Creating Apache Iceberg tables - AWS Lake Formation

Creating Apache Iceberg tables

AWS Lake Formation supports creating Apache Iceberg tables that use the Apache Parquet data format in the AWS Glue Data Catalog with data residing in Amazon S3. A table in the Data Catalog is the metadata definition that represents the data in a data store. By default, Lake Formation creates Iceberg v2 tables. For the difference between v1 and v2 tables, see Format version changes in the Apache Iceberg documentation.

Apache Iceberg is an open table format for very large analytic datasets. Iceberg allows for easy changes to your schema, also known as schema evolution, meaning that users can add, rename, or remove columns from a data table without disrupting the underlying data. Iceberg also provides support for data versioning, which allows users to track changes to data overtime. This enables the time travel feature, which allows users to access and query historical versions of data and analyze changes to the data between updates and deletes.

You can use Lake Formation console or the CreateTable operation in the AWS Glue API to create an Iceberg table in the Data Catalog. For more information, see CreateTable action (Python: create_table).

When you create an Iceberg table in the Data Catalog, you must specify the table format and metadata file path in Amazon S3 to be able to perform reads and writes.

You can use Lake Formation to secure your Iceberg table using fine-grained access control permissions when you register the Amazon S3 data location with AWS Lake Formation. For source data in Amazon S3 and metadata that is not registered with Lake Formation, access is determined by IAM permissions policies for Amazon S3 and AWS Glue actions. For more information, see Managing Lake Formation permissions.

Note

Data Catalog doesn’t support creating partitions and adding Iceberg table properties.

Prerequisites

To create Iceberg tables in the Data Catalog, and set up Lake Formation data access permissions, you need to complete the following requirements:

  1. Permissions required to create Iceberg tables without the data registered with Lake Formation.

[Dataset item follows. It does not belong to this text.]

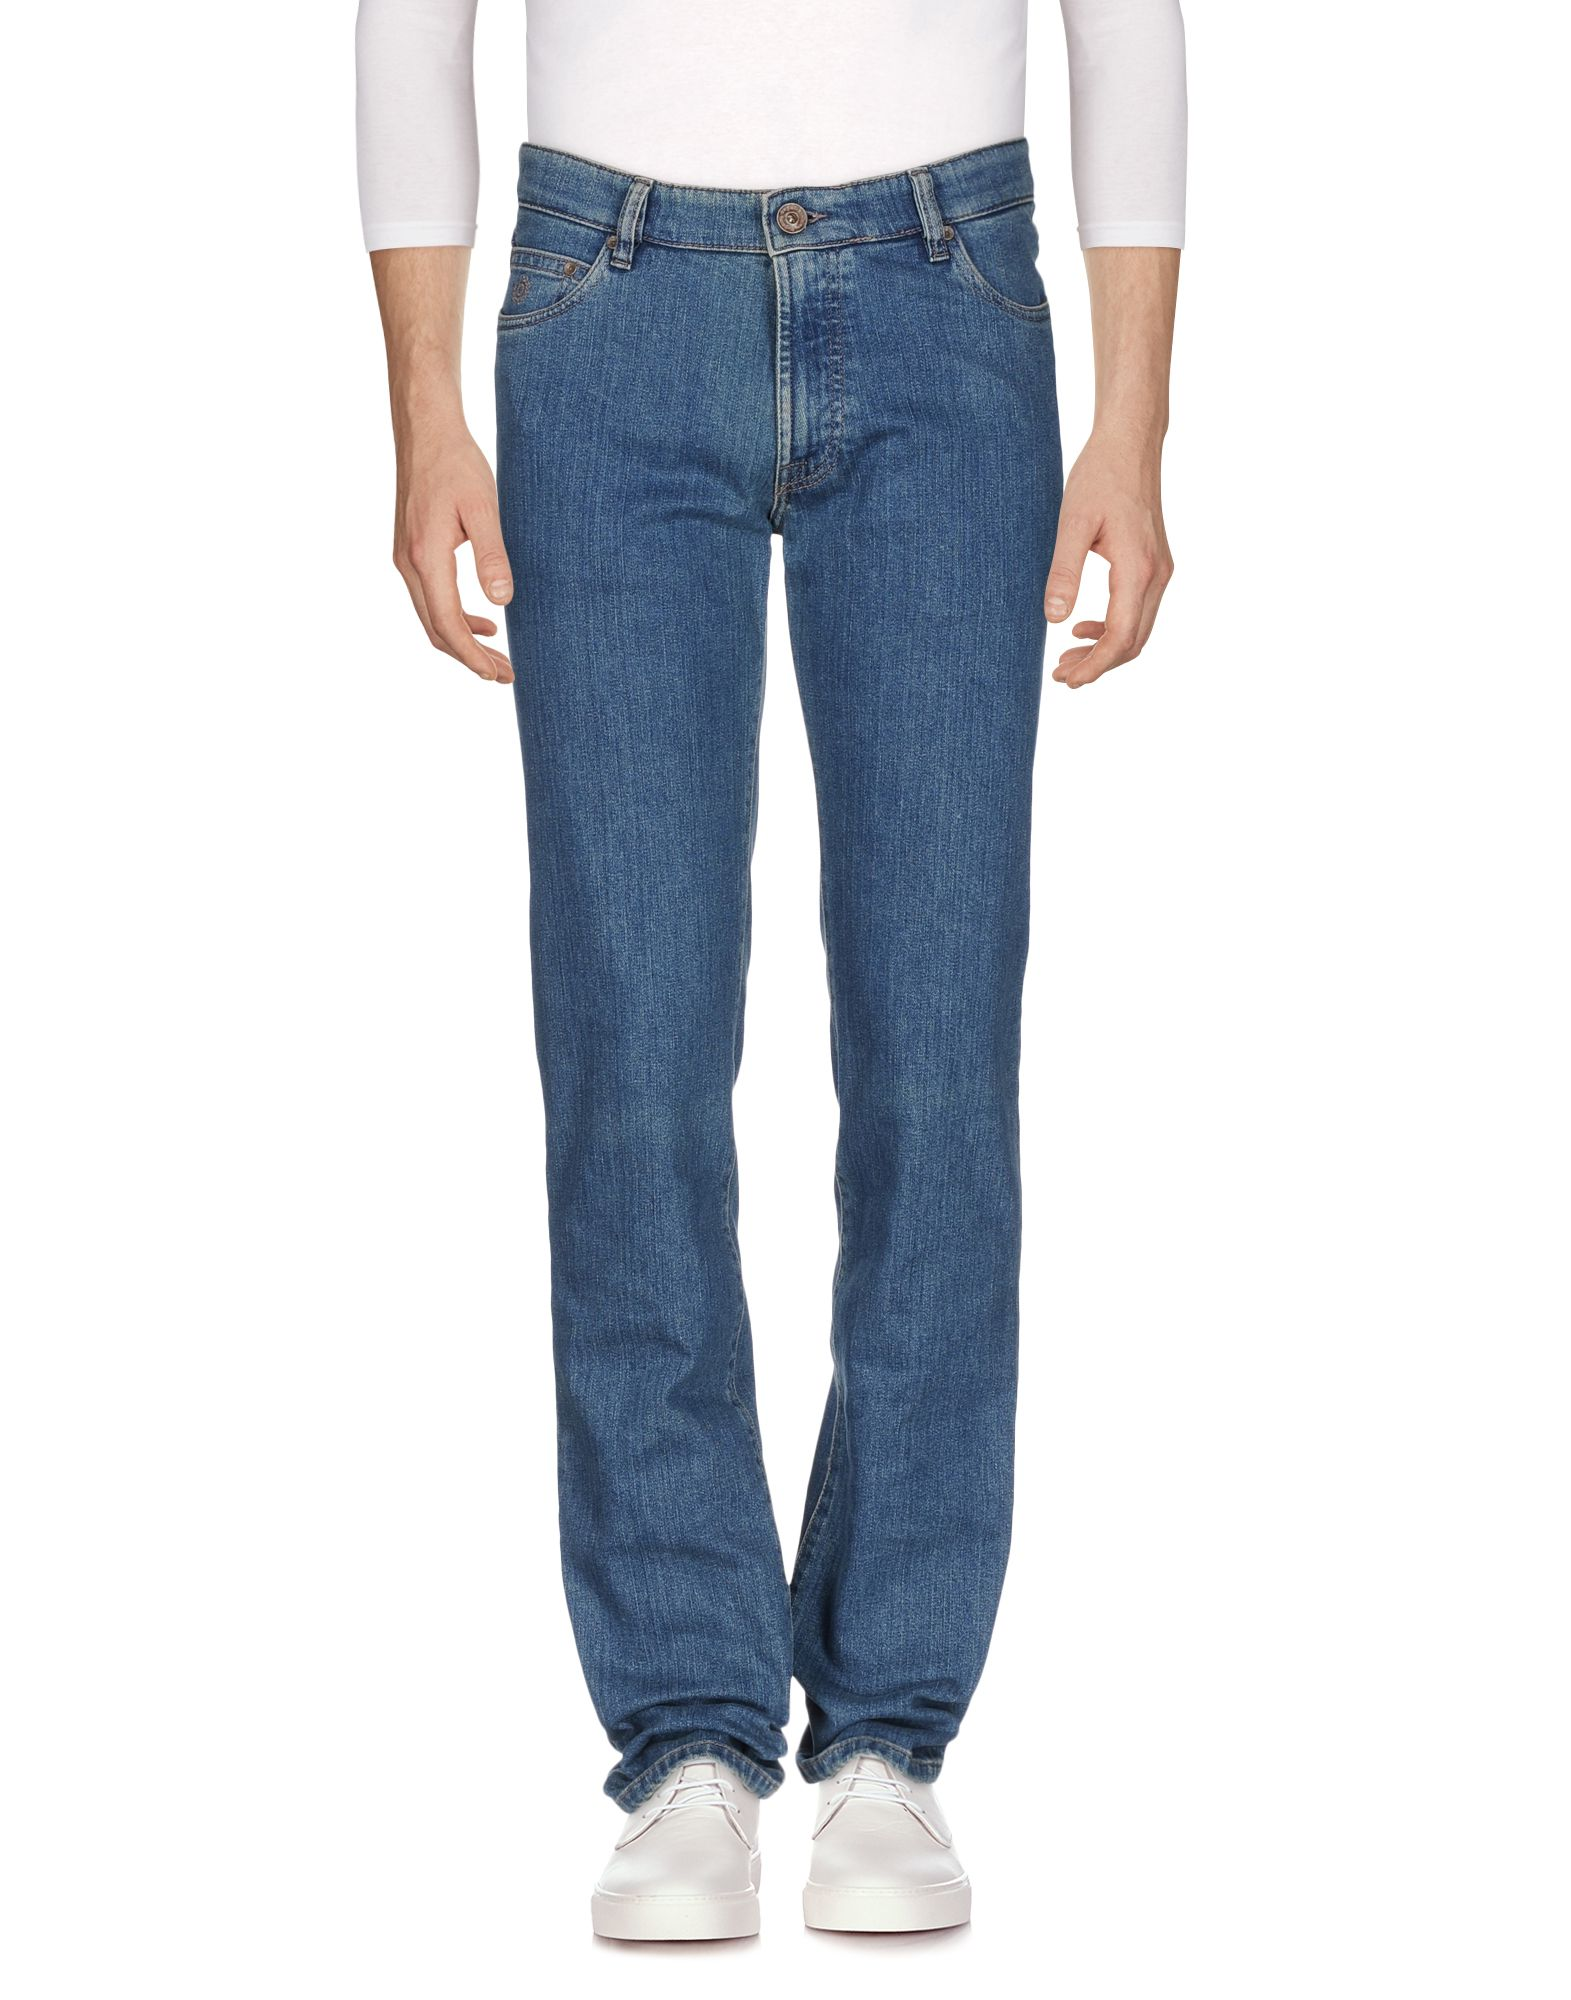 ФОТО bugatti джинсовые брюки

    In addition to the permissions required to create a table in the Data Catalog, the table creator requires the following permissions:

    • s3:PutObject on resource arn:aws:s3:::{bucketName}

    • s3:GetObject on resource arn:aws:s3:::{bucketName}

    • s3:DeleteObjecton resource arn:aws:s3:::{bucketName}

  2. Permissions required to create Iceberg tables with data registered with Lake Formation:

    To use Lake Formation to manage and secure the data in your data lake, register your Amazon S3 location that has the data for tables with Lake Formation. This is so that Lake Formation can vend credentials to AWS analytical services such as Athena, Redshift Spectrum, and Amazon EMR to access data. For more information on registering an Amazon S3 location, see Adding an Amazon S3 location to your data lake.

    A principal who reads and writes the underlying data that is registered with Lake Formation requires the following permissions:

    • lakeformation:GetDataAccess

    • DATA_LOCATION_ACCESS

      A principal who has data location permissions on a location also has location permissions on all child locations.

      For more information on data location permissions, see Underlying data access control.

To enable compaction, the service needs to assume an IAM role that has permissions to update tables in the Data Catalog. For details, see Table optimization prerequisites.

Creating an Iceberg table

You can create Iceberg v1 and v2 tables using Lake Formation console or AWS Command Line Interface as documented on this page. You can also create Iceberg tables using AWS Glue console or AWS Glue crawler. For more information, see Data Catalog and Crawlers in the AWS Glue Developer Guide.

To create an Iceberg table

Console
  1. Sign in to the AWS Management Console, and open the Lake Formation console at https://console.aws.amazon.com/lakeformation/.

  2. Under Data Catalog, choose Tables, and use the Create table button to specify the following attributes:

    • Table name: Enter a name for the table. If you’re using Athena to access tables, use these naming tips in the Amazon Athena User Guide.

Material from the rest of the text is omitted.